This tutorial will guide you through deploying simple application on Kubernetes cluster on Google Kubernetes Engine (GKE) and Amazon Web Services EC2 (AWS) and setting Cloudflare Load Balancer as a Global Load Balancer to distribute traffic intelligently across GKE and AWS. For simplicity we will be using one container cluster with 3 nodes.

The following diagram shows the output of this tutorial is deployed application running inside the Kubernetes cluster on GKE and AWS instances with Cloudflare Load Balancer distributing the traffic between them.

Diagram showing the output of this tutorial with the deployed application running inside the Kubernetes cluster on GKE and AWS instances with Cloudflare Load Balancer distributing the traffic between them.


​​ Key Concepts

​​ Kubernetes

Pods: is a group of one or more containers (such as Docker containers), with shared storage/network, and a specification for how to run the containers. A pod’s contents are always co-located and co-scheduled, and run in a shared context. Pods are the smallest deployable units of computing that can be created and managed in Kubernetes. Node: is a worker machine in Kubernetes. A node may be a VM or physical machine, depending on the cluster. Each node has the services necessary to run pods and is managed by the master components. The services on a node include Docker, kubelet and kube-proxy. Cluster: A group of nodes firewalled from the Internet, that are the primary compute resources managed by Kubernetes. Cluster master: The cluster master runs the Kubernetes control plane processes, including the Kubernetes API server, scheduler, and core resource controllers. Cluster network: A set of links, logical or physical, that facilitate communication within a cluster according to the Kubernetes networking model. Examples of a Cluster network include Overlays such as flannel or SDNs such as OVS. Service: A Kubernetes Service that identifies a set of pods using label selectors. Unless mentioned otherwise, Services are assumed to have virtual IPs only routable within the cluster network. Kubernetes Engine assigns the external IP address to the  Service resource—not the Deployment. The kubectl expose command creates a Service resource, which provides networking and IP support to your application’s Pods. Kubernetes Engine creates an external IP and a Load Balancer for your application Kubectl: A tool which is used to interact with the cluster. Kops: A simple tool provided by Kubernetes, that makes the creation of the cluster very easy. Ingress: An  Ingress is a collection of rules that allow inbound connections to reach the cluster services. It can be configured to give services externally-reachable URLs, load balance traffic, terminate SSL, offer name based virtual hosting, and more. Users request ingress by POSTing the Ingress resource to the API server. Ingress Controller: An  Ingress controller is responsible for fulfilling the Ingress, usually with a load balancer, though it may also configure your edge router or additional frontends to help handle the traffic in an HA manner.

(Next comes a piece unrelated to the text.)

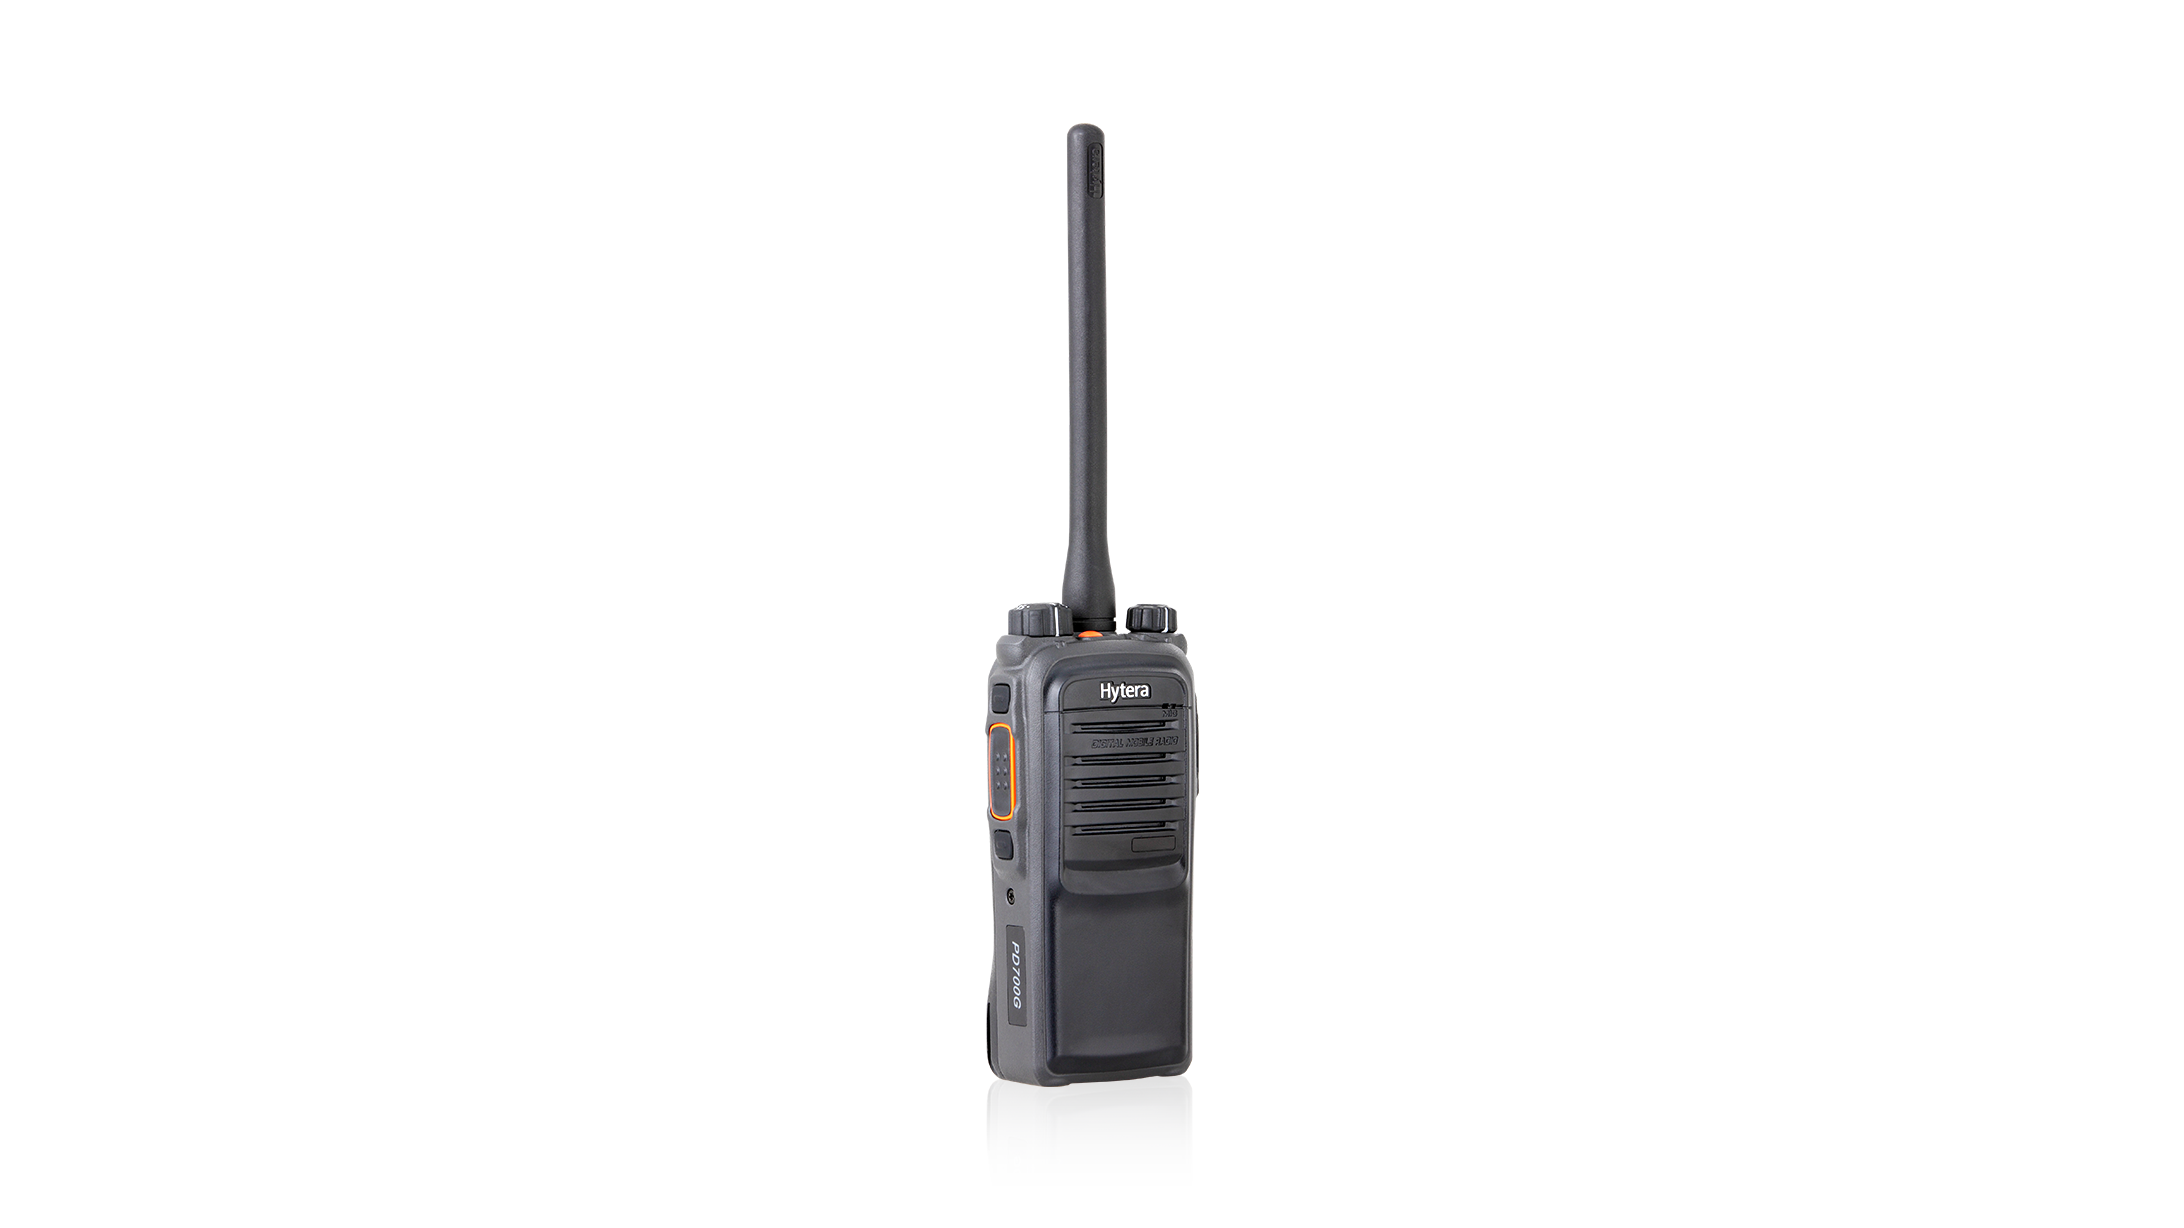 PD70X Professional DMR Portable Two-way radio
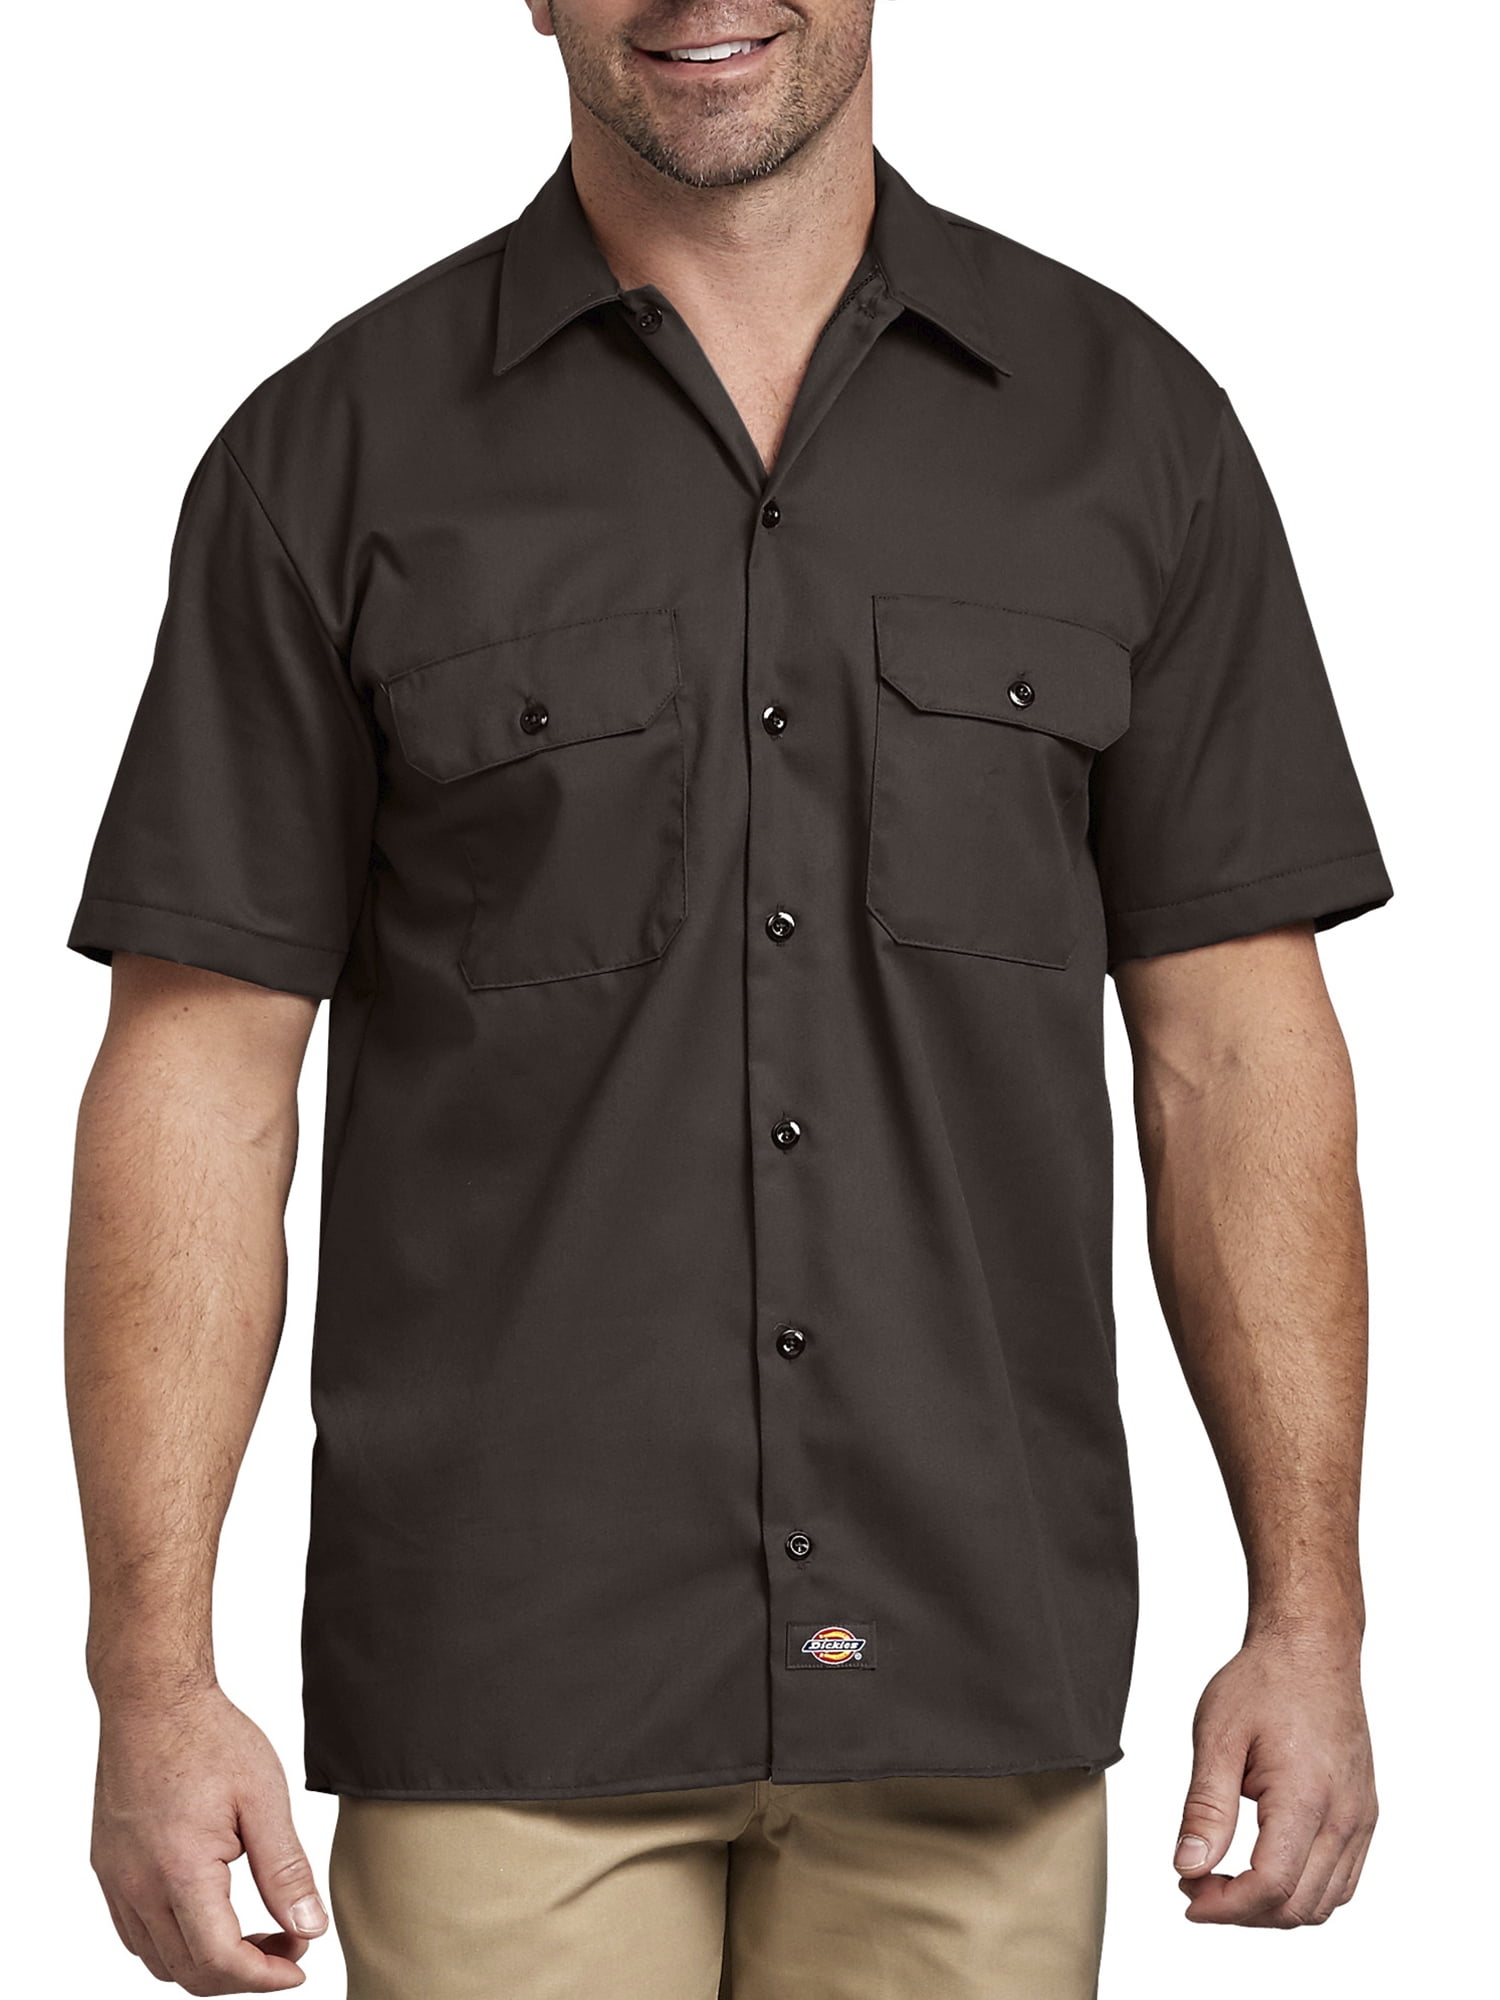 Dickies Men's NEW Size S-5XL Pocket Short Sleeve Industrial Work Shirt ls535

​​ Cloudflare Load Balancer

Load Balancer: a DNS hostname that you want traffic to be load-balanced for. Geo-based routing is also configured at the Load Balancer level Monitor: the configuration used to determine the health of servers. Monitors attached to Pools, so you can monitor different locations or groups of servers differently Pool: a group of servers or containers, each identified by their IP address or hostname. You can configure multiple Pools and configure failover priority Origins: A single IP or hostname that exist within a Pool. Multiple Origins in a single Pool will be load balanced by Cloudflare via round robin.

​​ Set up

To run this tutorial, you’ll need the following:

  • Access to Google Cloud Platform (GCP)
  • Access to AWS
  • Docker image
  • A domain on Cloudflare (on the Free, Pro, or Business plan) with a Load Balancing subscription

​​ Deploying a containerized web application on Google Kubernetes Engine

In this tutorial I am using  Google Cloud Shell interface which comes preinstalled with the gcloud, docker, and kubectl command-line tools used below. If you use Cloud Shell, you don’t need to install these command-line tools on your workstation.

Go to the  Kubernetes Engine. Click the Activate Google Cloud Shell button at the top of the console window. A Cloud Shell session opens inside a new frame at the bottom of the console and displays a command-line prompt.

You can find the Activate Google Cloud Shell button at the top of the console window.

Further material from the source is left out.